Microsoft launches Phi-3.5 series: new open, high-performance AI models | Generative ai Benefits for Business Examples | | Generative ai use Cases in Sales | Turtles AI
Microsoft has unveiled three new models in the Phi-3.5 series, with a focus on linguistic and multimodal AI. These models, released under an MIT license, offer advanced reasoning and visual processing capabilities, touting themselves as flexible and scalable tools for developers and businesses. Let’s look at the technical features and training of each.
Key points:
1. Three new AI models: Phi-3.5 Mini Instruct, MoE and Vision Instruct.
2. MIT License: Open and modifiable use, ideal for developers.
3. Intensive training: Use of high-performance GPUs.
4. High performance: Competitive in benchmarks against models from other industry leaders.
Microsoft recently announced the expansion of its offerings in the AI field with the launch of three new models in the Phi-3.5 series, called Phi-3.5 Mini Instruct, Phi-3.5 MoE and Phi-3.5 Vision Instruct. These models are designed to meet different needs in the fields of language reasoning and multimodal processing, offering developers versatile tools to create advanced applications. The uniqueness of this new offering lies not only in its performance, but also in Microsoft’s choice to release the models under an open source MIT license, which allows a wide scope for use and customization, with no constraints for commercial use.
The “Phi-3.5 Mini Instruct” model has been optimized to operate in environments with limited computational resources, while maintaining a robust ability to reason and perform complex tasks such as code generation or logical-mathematical problem solving. This model was trained on 3.4 trillion tokens using 512 H100-80G GPUs in a 10-day process.
The “Phi-3.5 MoE” (Mixture of Experts) model is a first in Microsoft’s lineup, leveraging an architecture that activates only a portion of the overall parameters for specific tasks, making it particularly efficient in tasks requiring complex reasoning. Trained on 4.9 trillion tokens with massive use of H100-80G GPUs, the training process took 23 days.

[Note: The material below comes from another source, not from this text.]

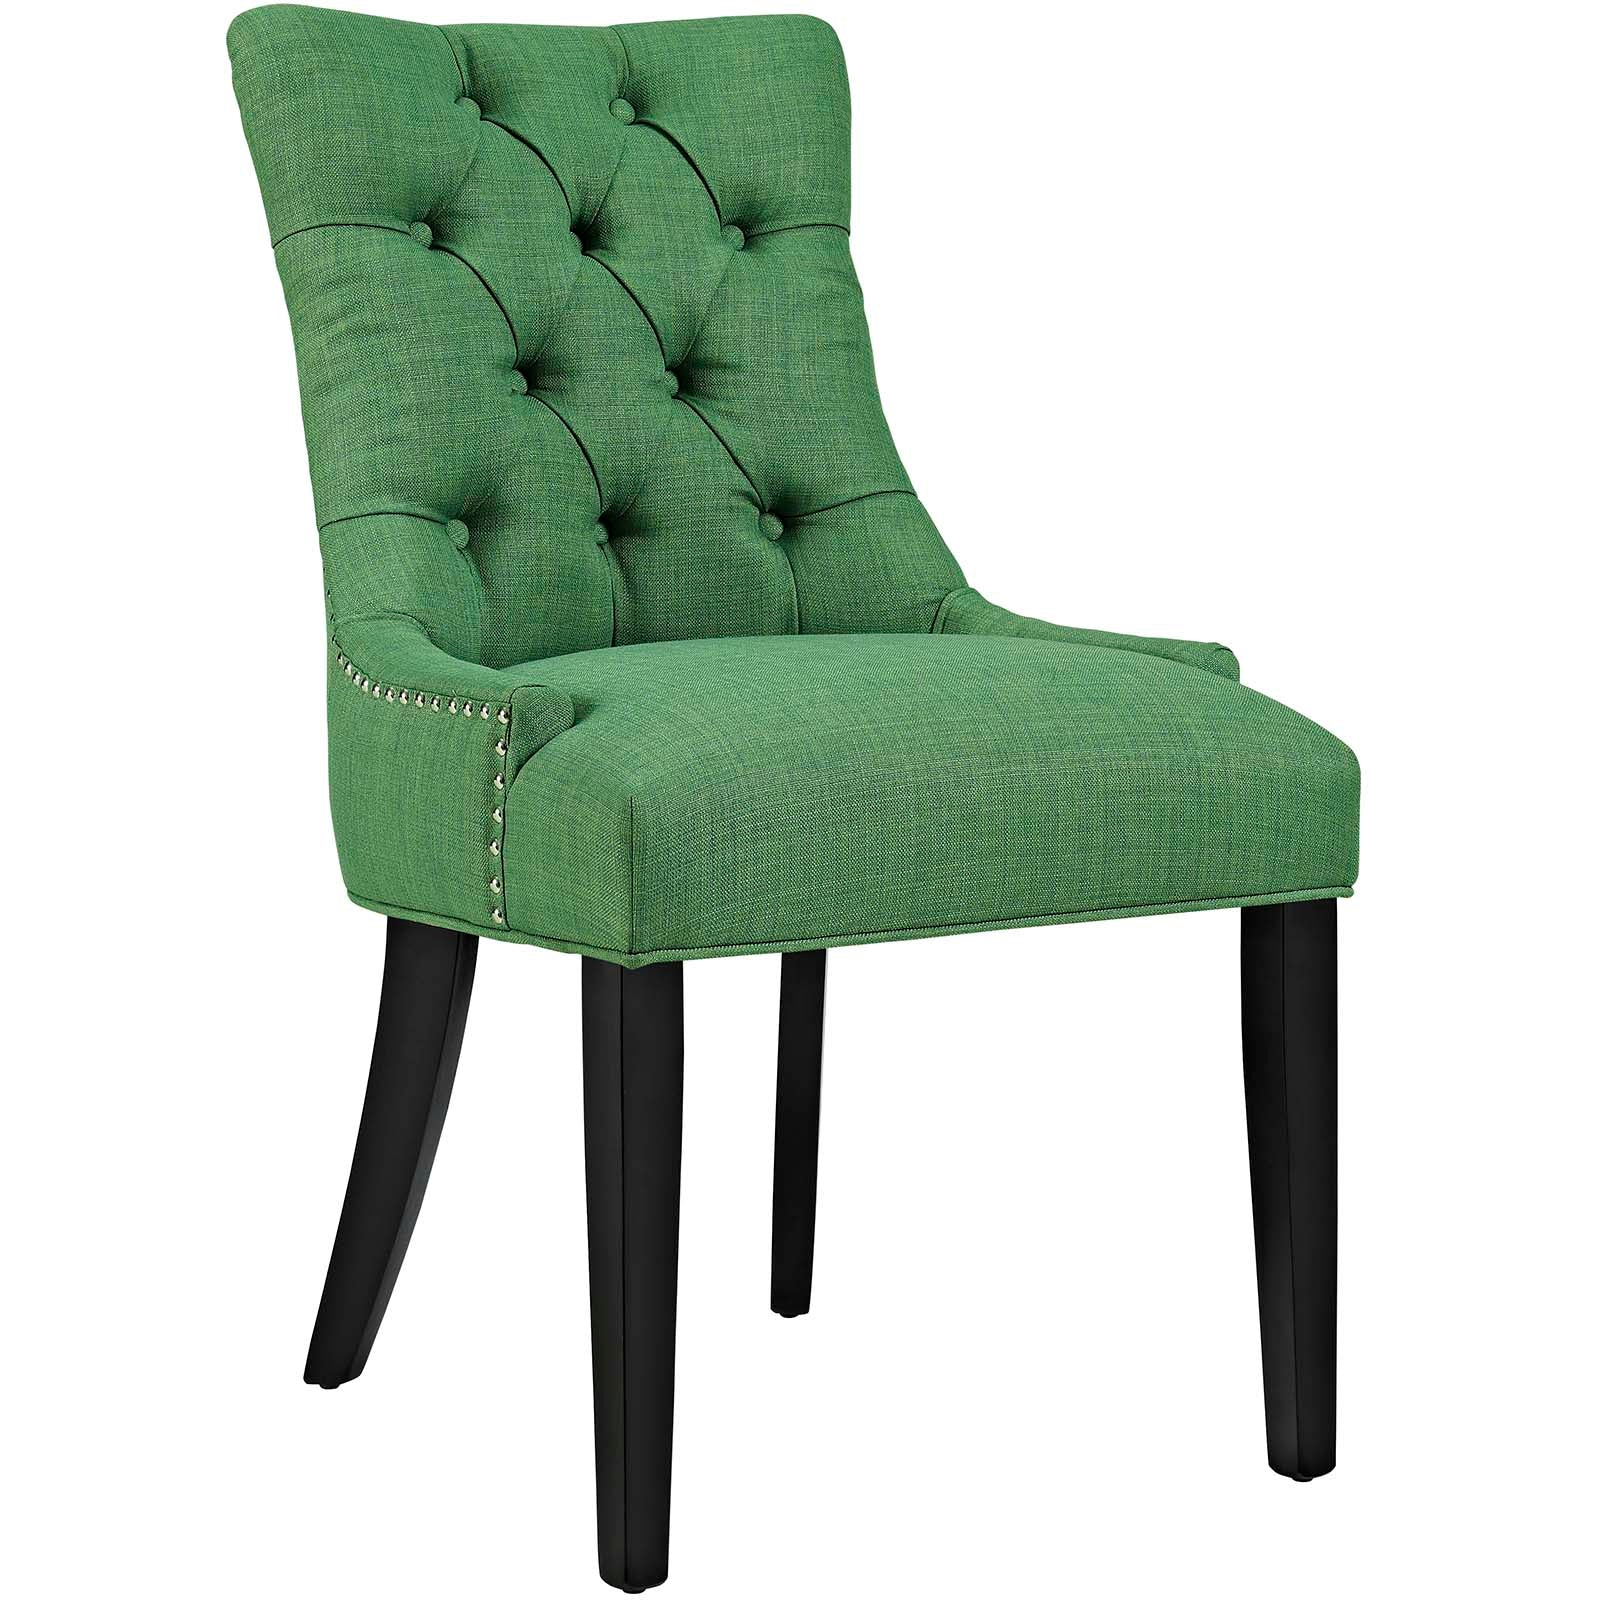 Regent Tufted Fabric Dining Side Chair - East Shore Modern Home Furnishings

Finally, the “Phi-3.5 Vision Instruct” model is distinguished by its multimodal capability, being able to process and understand images, text and video. This model was trained with 500 billion tokens using GPU A100-80G, completing the training in 6 days. It is particularly suitable for applications in optical character recognition (OCR), graph and table analysis, and video synthesis.
All models are available for download on Hugging Face, with the ability for developers to customize and integrate them into their own solutions. The open source approach chosen by Microsoft underscores its intention to promote innovation and research in the field of AI by offering advanced models that compete with those of major players in the field, such as Google and Meta.
The Phi-3.5 series aims to be a valuable resource for those seeking advanced and flexible AI solutions, in an open licensing context that facilitates their adoption and integration into a wide range of applications.